Considering the rapid growth of the research of multilingual NLP, we have established this repository to gather relevant literature in this specific multilingual domain. (As a contribution of the survey paper "A Survey on Large Language Models with Multilingualism: Recent Advances and New Frontiers")
This is also a tutorial of multilingual pre-trained models maintained by the Beijing Jiaotong University (BJTU) NLP Group (Continual Updated).

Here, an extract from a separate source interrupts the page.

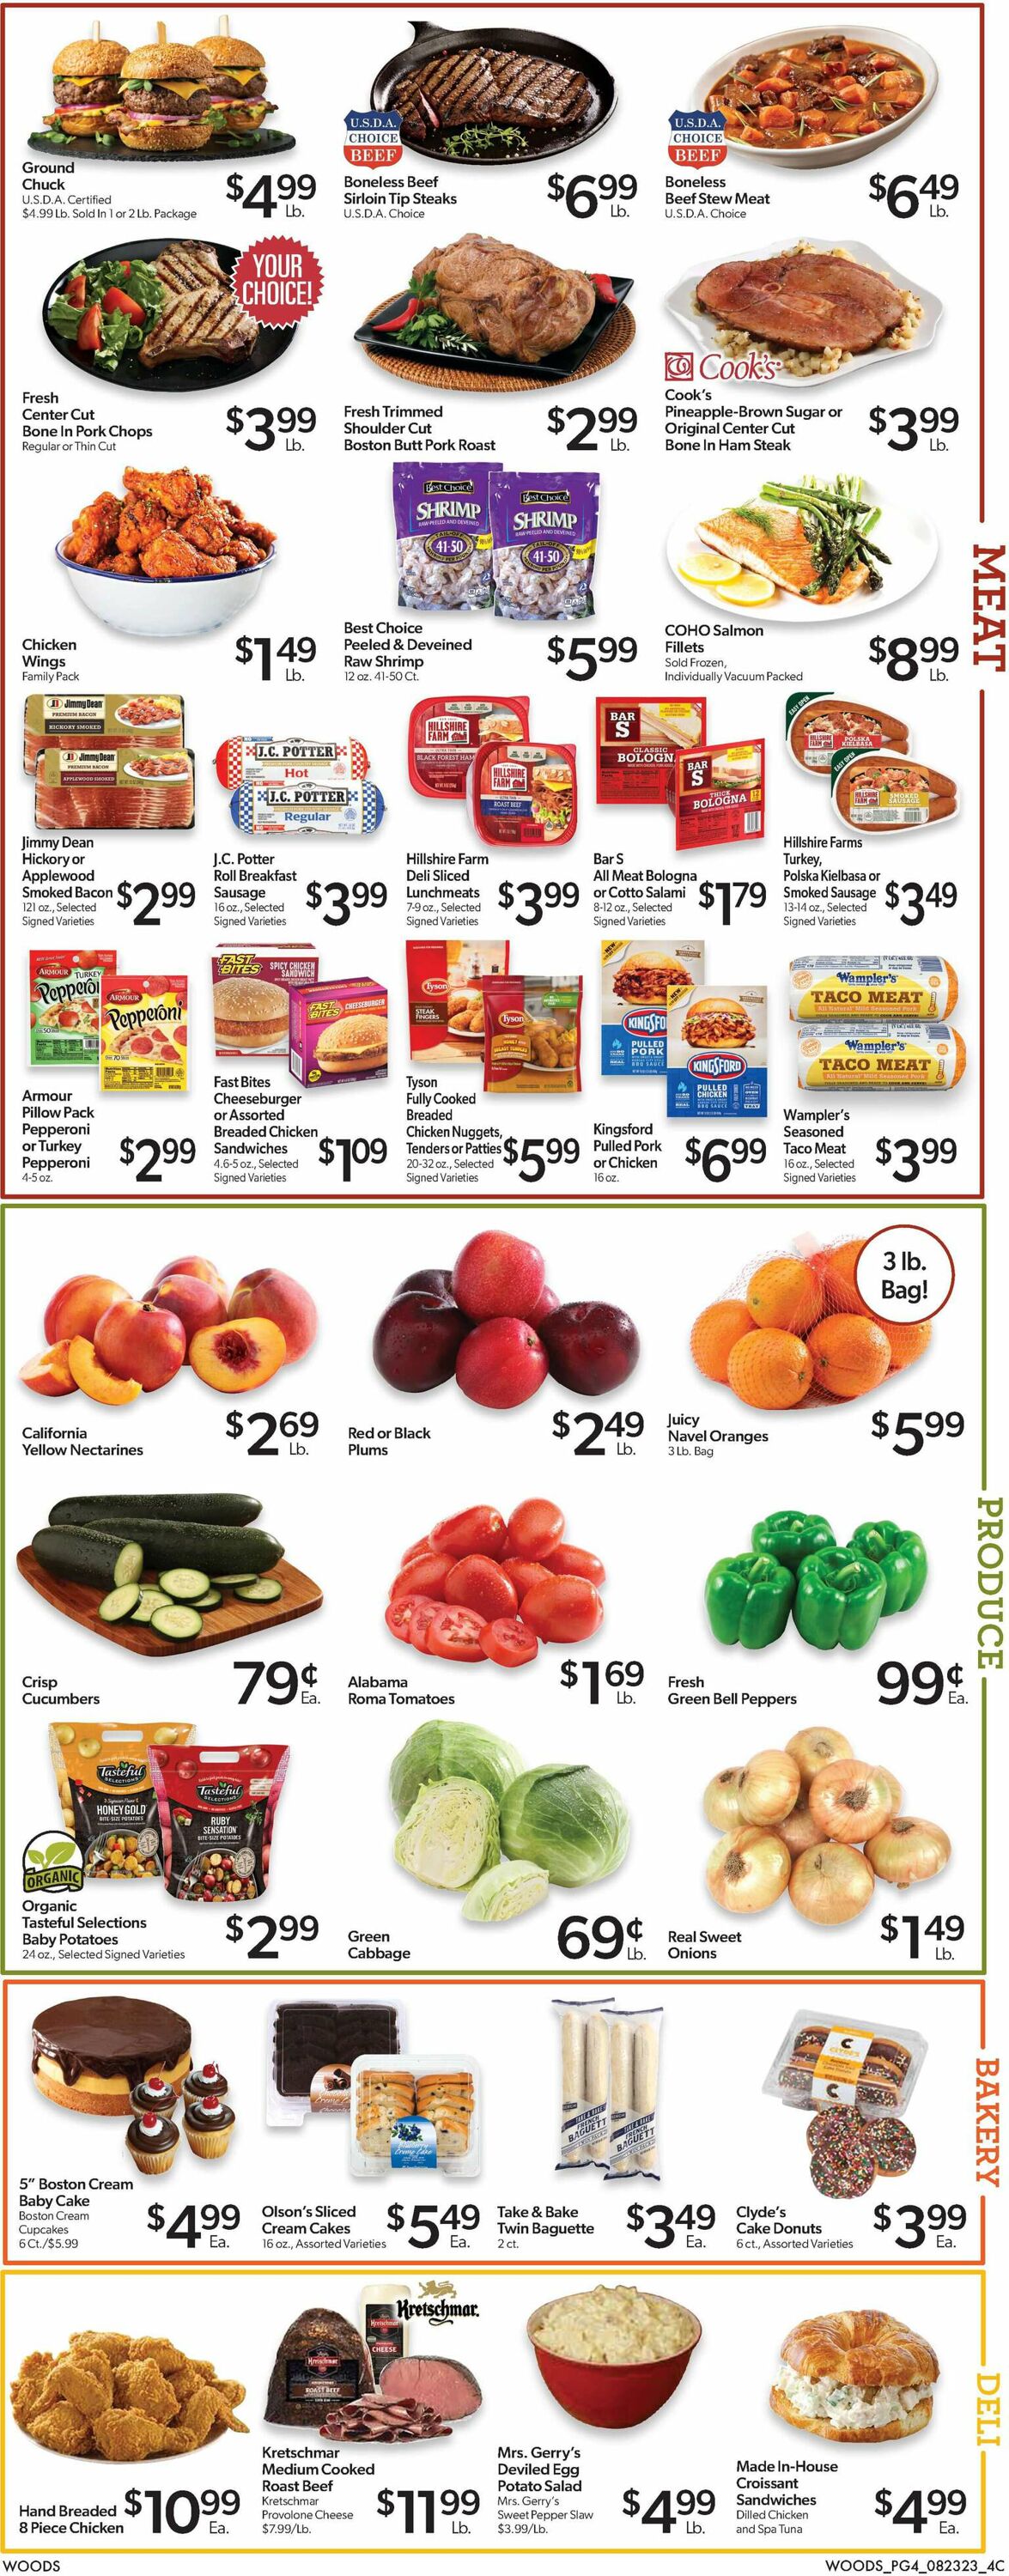 Woods Supermarket Ad from 08/23/2023
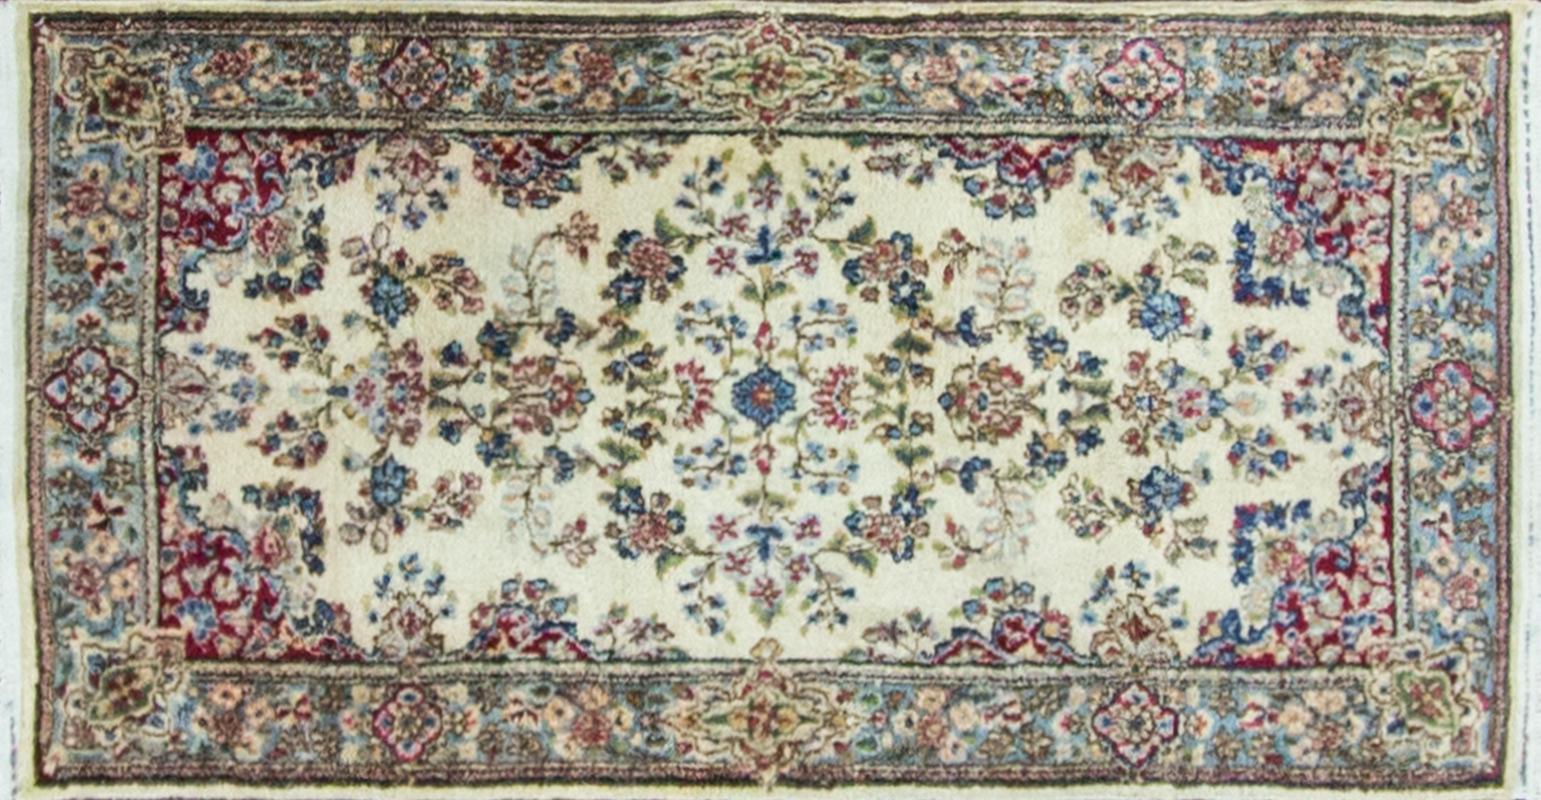 Handmade Persian Kerman rug with a colorful floral motif on an ivory field, circa 1940. Measures: 2'6

The past five years have witnessed the rapid development of multilingual pre-trained models, especially for data-driven large language models (LLMs). Due to the dominance of multilingual NLP at the present time, priority is given to collecting important, up-to-date multilingual pre-trained models papers and their performance. As one of the contributions of the survey, we continuously update and expand the content according to the chapters in the survey. Our list is still incomplete and the categorization might be inappropriate. We will keep adding papers and improving the list. Any suggestions are welcome!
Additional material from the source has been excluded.